Data for this exercise START

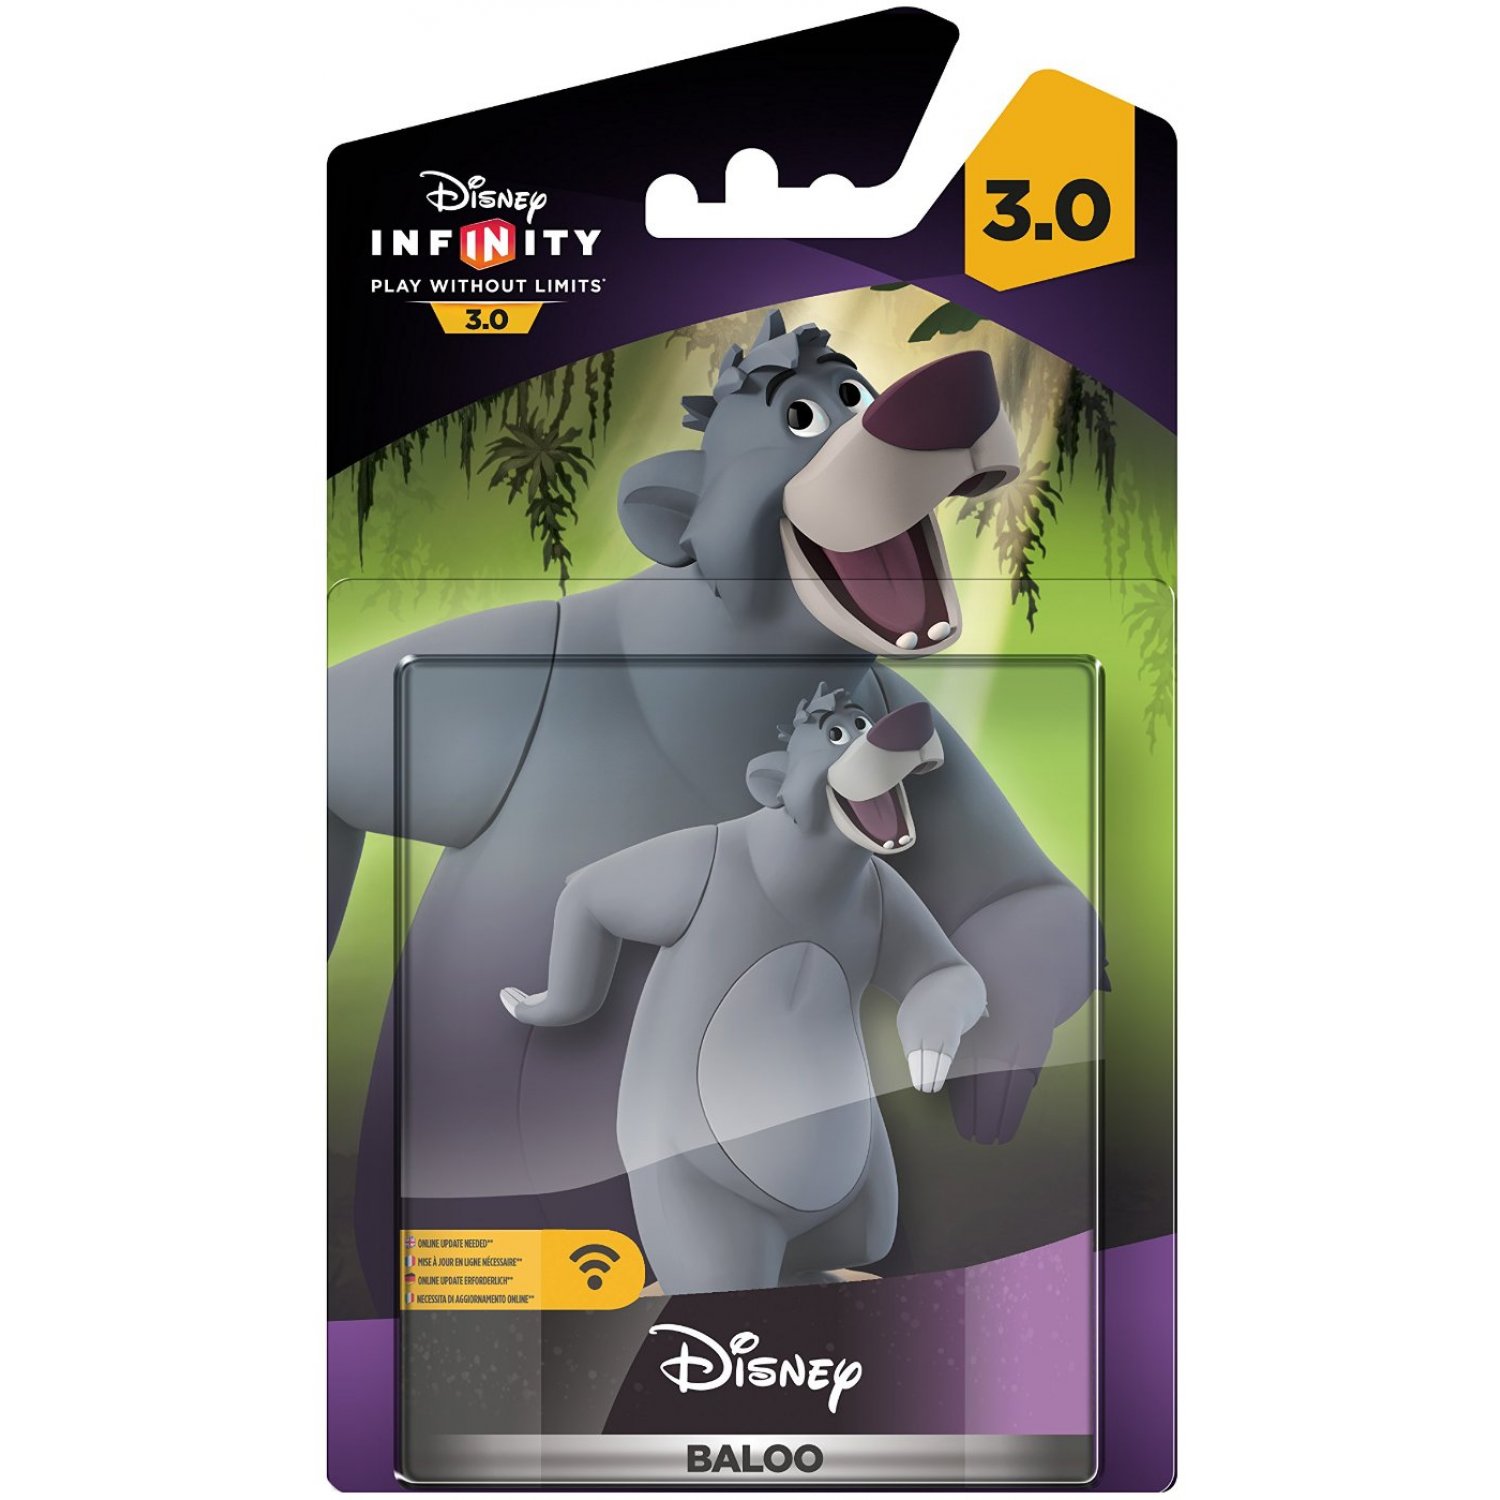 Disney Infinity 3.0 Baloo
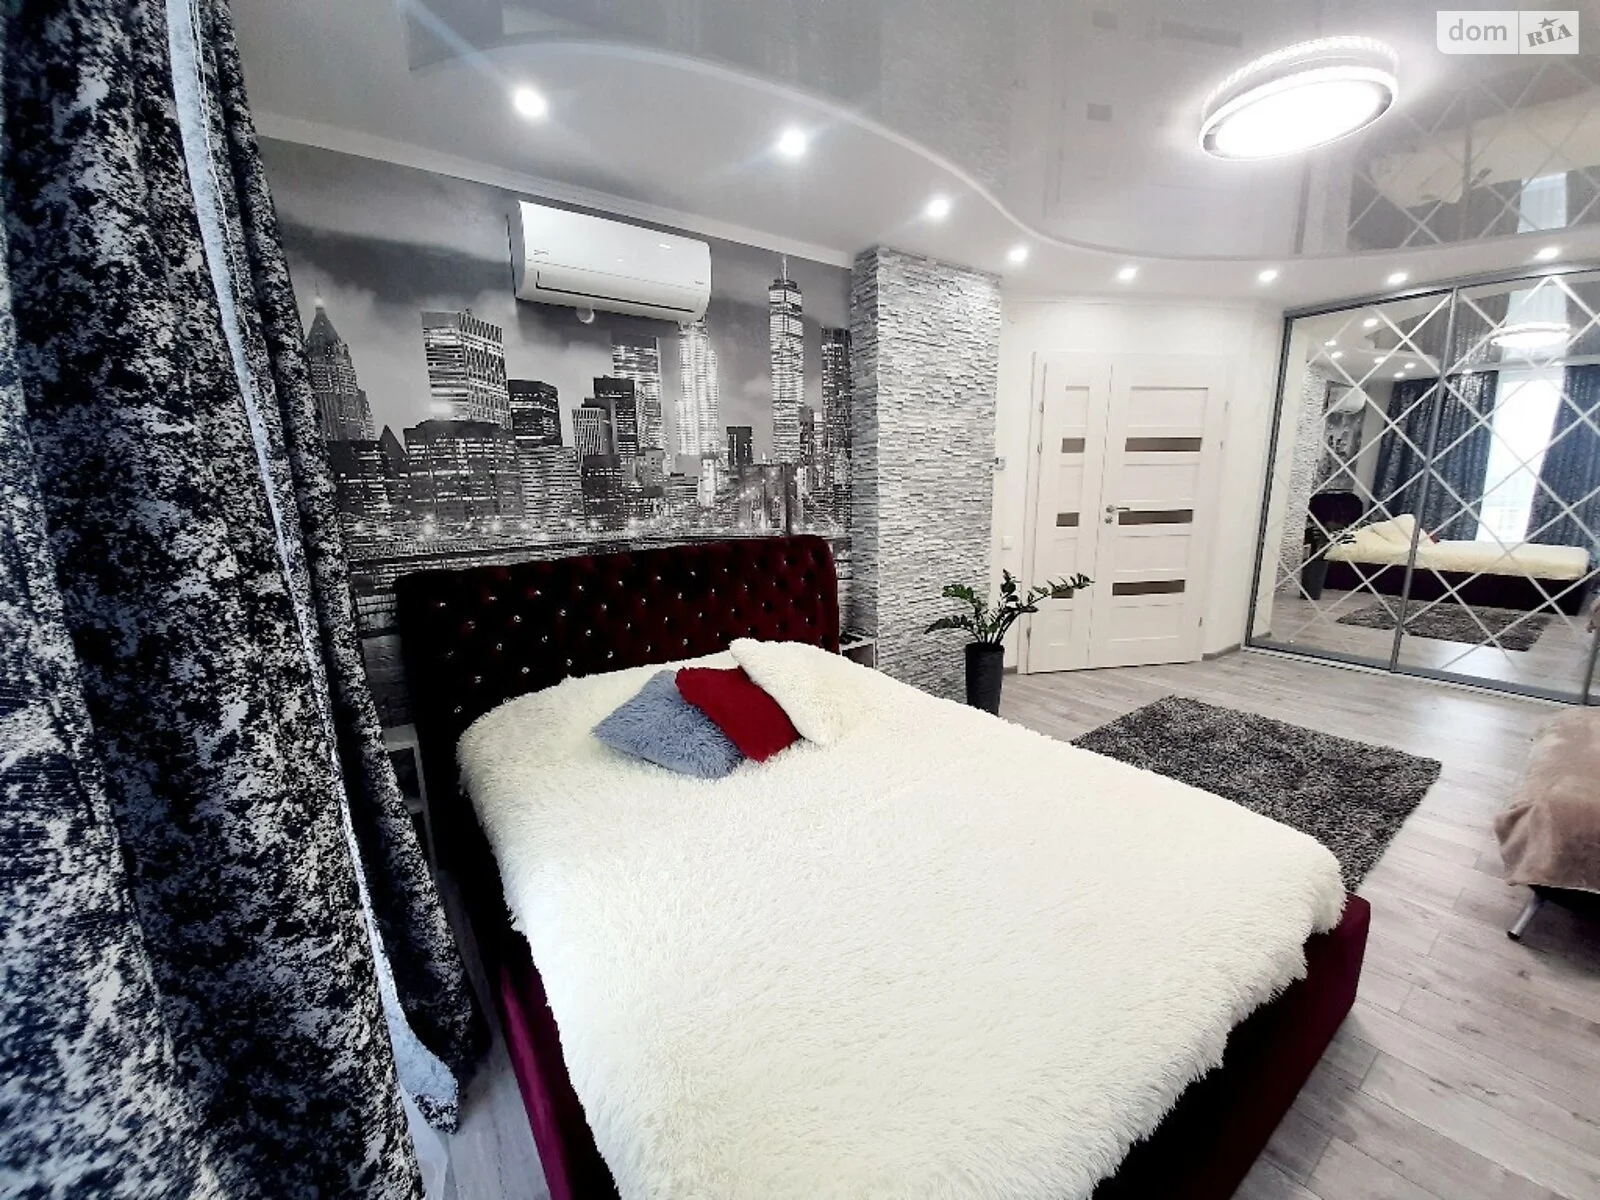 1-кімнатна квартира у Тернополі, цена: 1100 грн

Data for this exercise END
Data for this exercise START

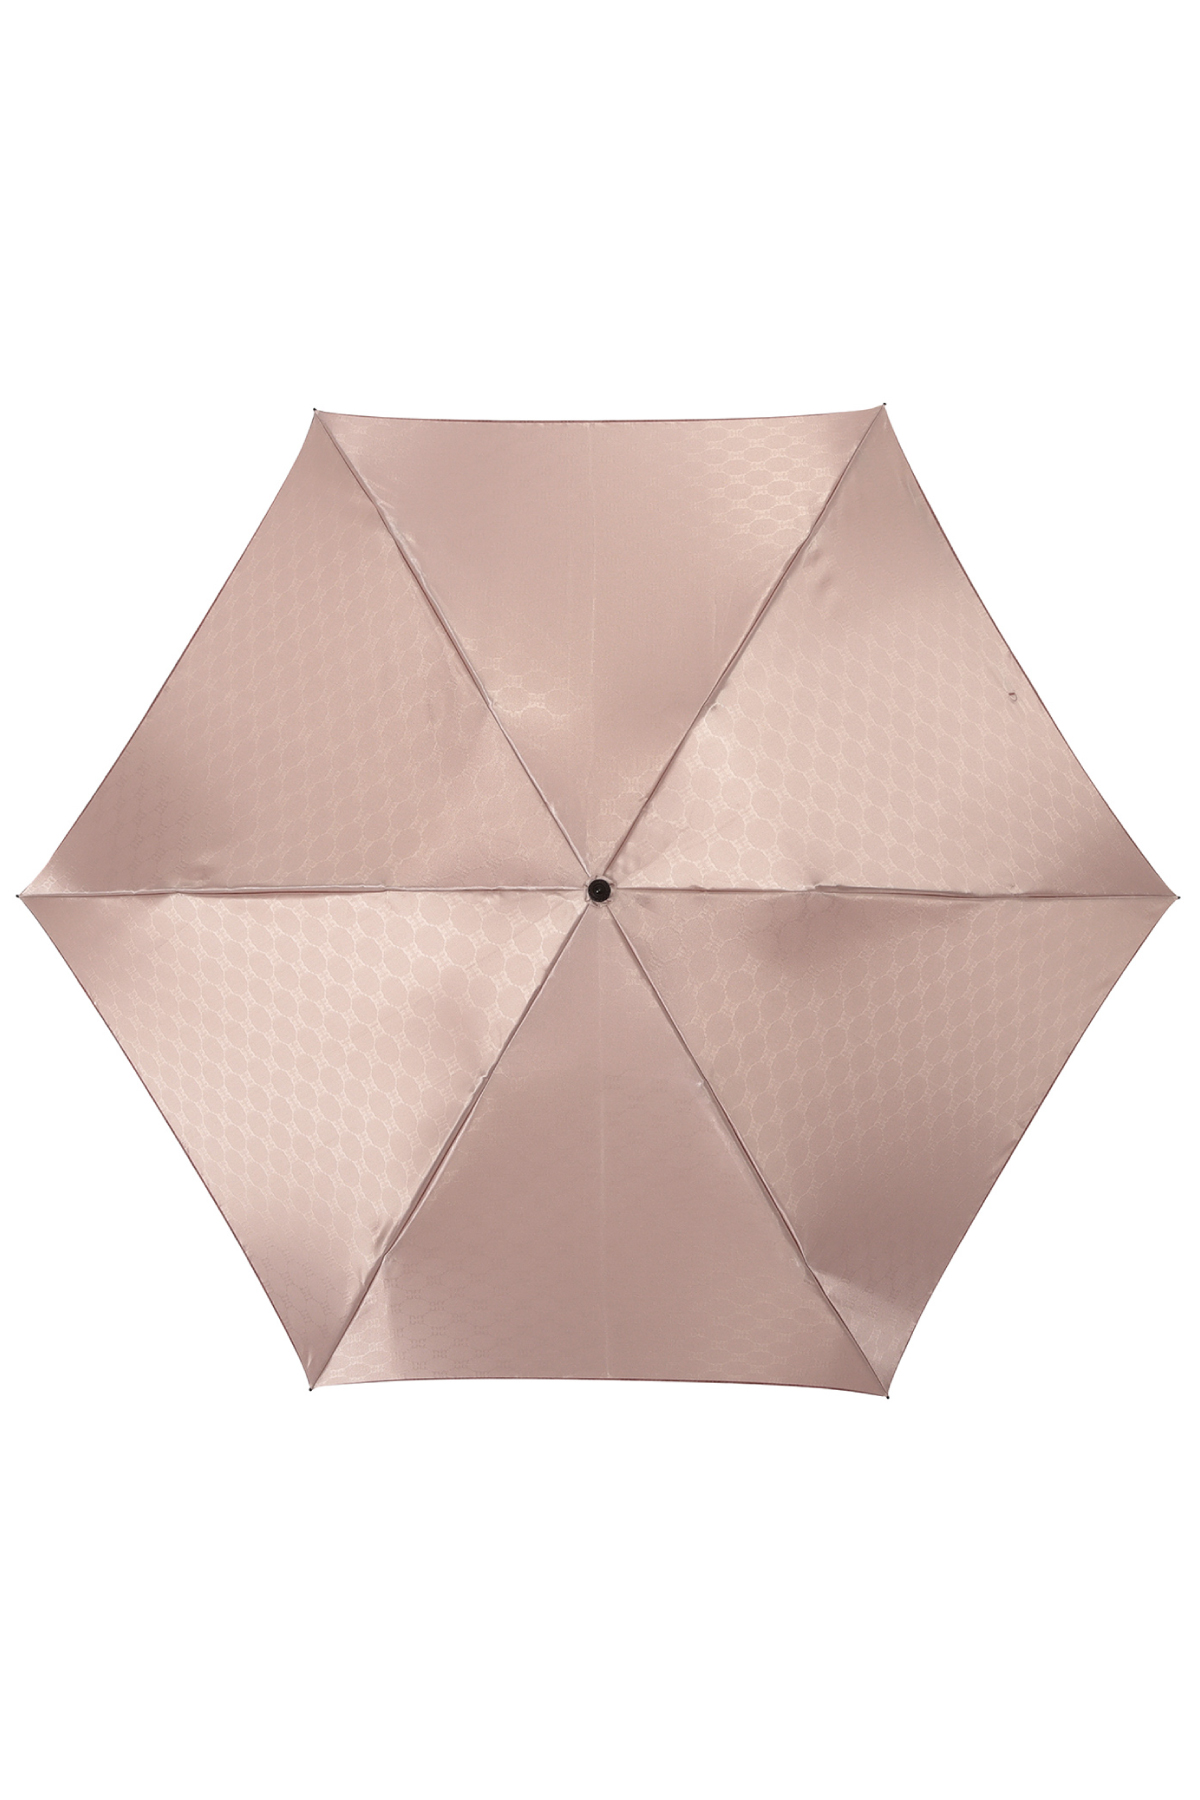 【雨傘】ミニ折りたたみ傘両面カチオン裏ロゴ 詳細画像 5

Data for this exercise END

=== Aim of the exercise ===
Set down exactly the lines above, from the line containing "Disney Infinity 3.0 Baloo" through the line containing "1-кімнатна квартира у". Skip the pictures.

=== Written answer ===
 Disney Infinity 3.0 Baloo
 1-кімнатна квартира у Тернополі, цена: 1100 грн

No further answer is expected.